After the AVF has been created, the vein tends to dilate as a result of the increased blood flow. The vein’s ability to dilate (venous distensibility) can be evaluated during preoperative mapping. The diameter of the vessel is measured before and at least 2 min after placement of a tourniquet (or a sphygmomanometer cuff inflated to a pressure of 50–60 mmHg), and the percentage of increase is evaluated [14, 26]. The impact of venous distensibility on AVF outcomes has been evaluated in two studies: Malovrh et al. [10] concluded that venous distensibility is a predictor of outcome since the mean percentage of vein dilatation observed in veins used for successfully constructed AVFs was 48 versus 11 % in those used for fistulas that ended in immediate failure. Lockhart et al. [27, 28] reported that cephalic veins with a pretourniquet diameter of ≥2.5 mm and smaller veins with a post-tourniquet diameter ≥2.5 mm were equally useful for creating dialysis fistulas. They concluded that distensibility testing should be used mainly to identify the actual maximum diameter of apparently small-caliber arm veins.

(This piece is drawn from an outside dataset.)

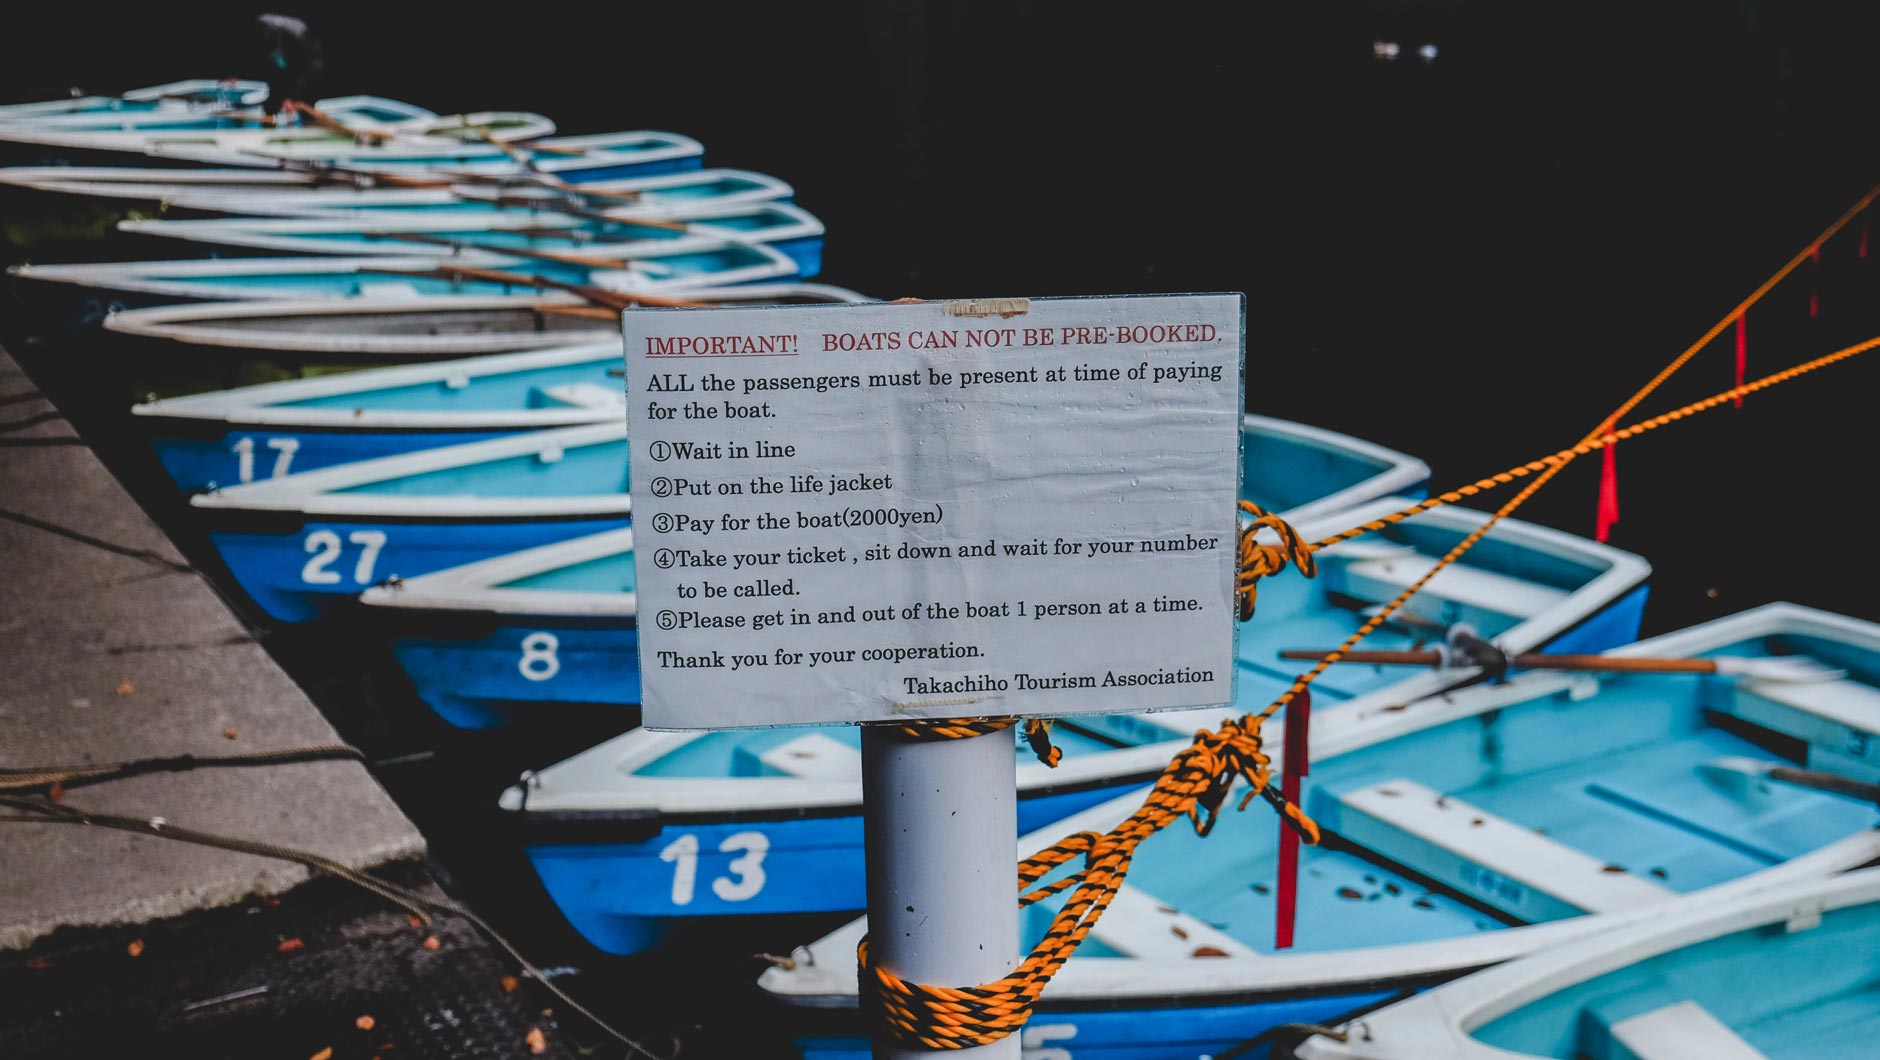 Takachiho Boat ride rules

Some authors have suggested that the likelihood of non-maturation is related to the presence and diameter of accessory veins. Wong et al. [11] found that the presence of accessory veins less than 5 cm from the site chosen for the anastomosis can alter the functionality of the fistula, while Beathard et al. stressed the importance of the dimensions of these veins and reported higher frequencies of non-maturation when the AVF was near large collateral veins [29].
AVF maturation and calculation of blood flow
What role does DUS play in the assessment of AVF maturation?

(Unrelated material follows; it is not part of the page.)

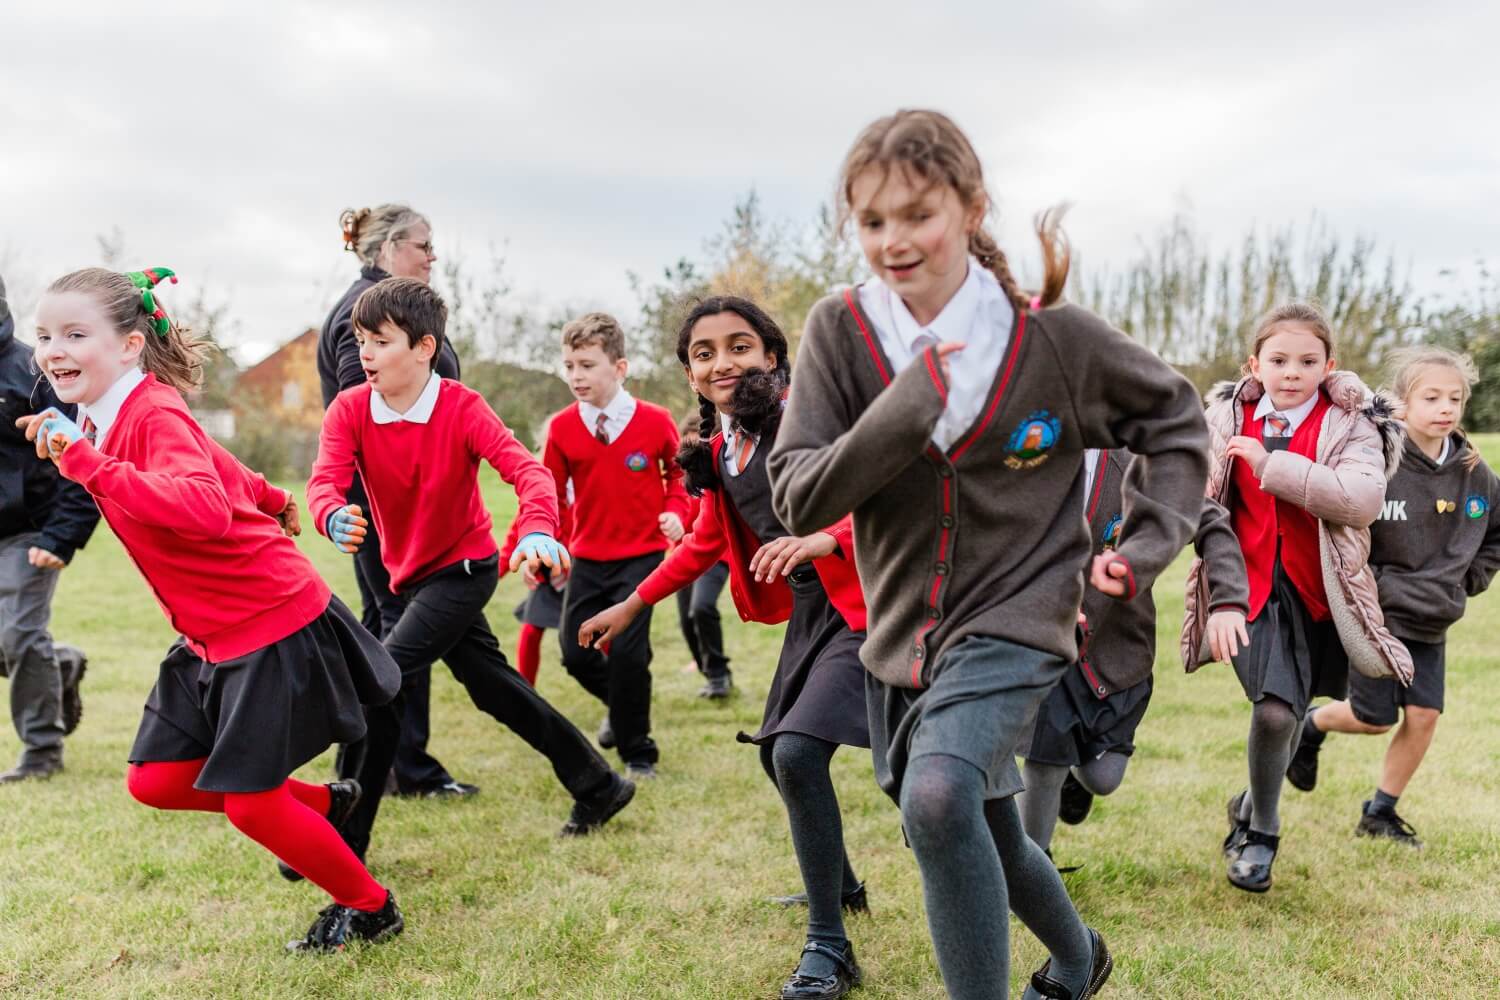 School children running across their grassy school grounds on Outdoor Classroom Day.

The term maturation refers to the development of those physical characteristics that render an AVF suitable for venipuncture with large-gage needles [24]. In many cases, non-maturation is the reason an AVF cannot be used for dialysis. In fact, despite the obvious long-term advantages in terms of morbidity and mortality that make AVFs the vascular access of choice for hemodialysis patients [24], arteriovenous anastomoses with native vessels has been associated with a high incidence of early occlusion and failure to mature (FTM) during the postoperative period. In different case series, the incidence of FTM for radiocephalic AVFs ranged from 30 to 60 % [15, 30].

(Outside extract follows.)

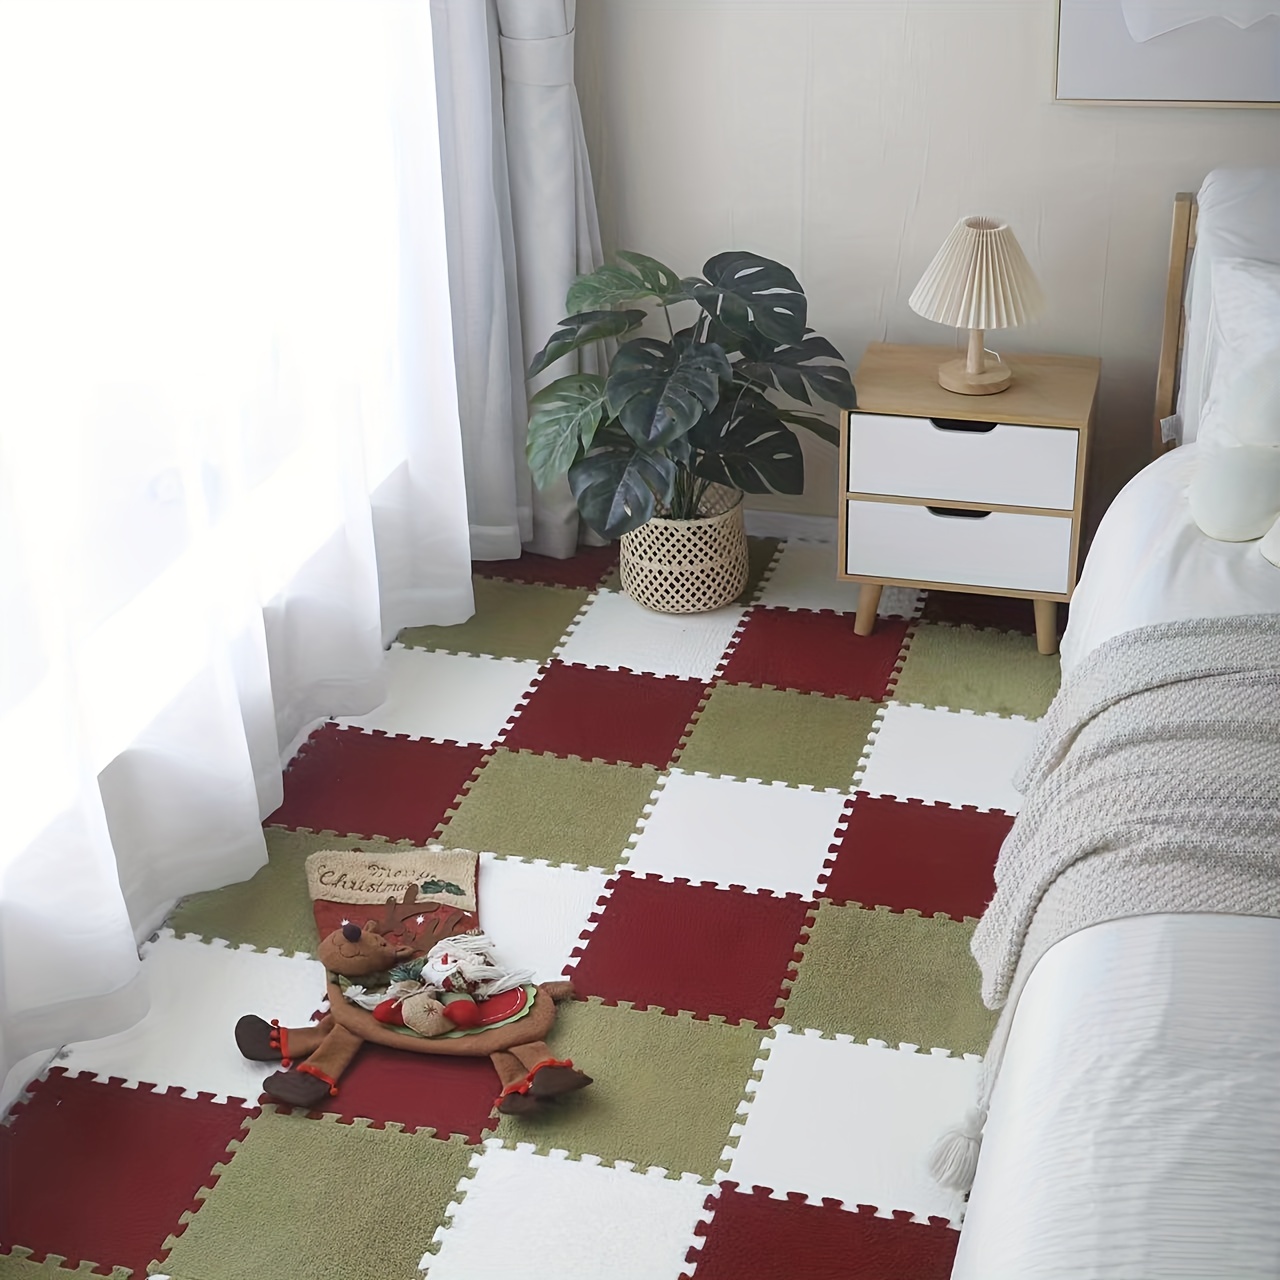 Interlocking Foam Tiles,10 Pcs Puzzle Play Mat Rug,Plush Carpet  Squares,Plush Puzzle Foam Floor,for Living Room,Home Decor,30x30  Cm(Color:Apricot+Dark

But how does one assess AVF maturation? Generally, the physical examination conducted by an experienced dialysis nurse is sufficiently reliable for determining whether the fistula is mature and therefore ready for puncture [15]. The problem arises when the fistula does not appear clearly mature based on inspection alone, a situation that occurs with obese patients and with slow-maturing AVFs. In these cases, the ultrasound examination and assessment of hemodynamic parameters (AVF blood flow, RI) can help determine whether the AVF is suitable for cannulation or whether it has instead failed to mature and is therefore likely to undergo thrombosis or have a low flow volume.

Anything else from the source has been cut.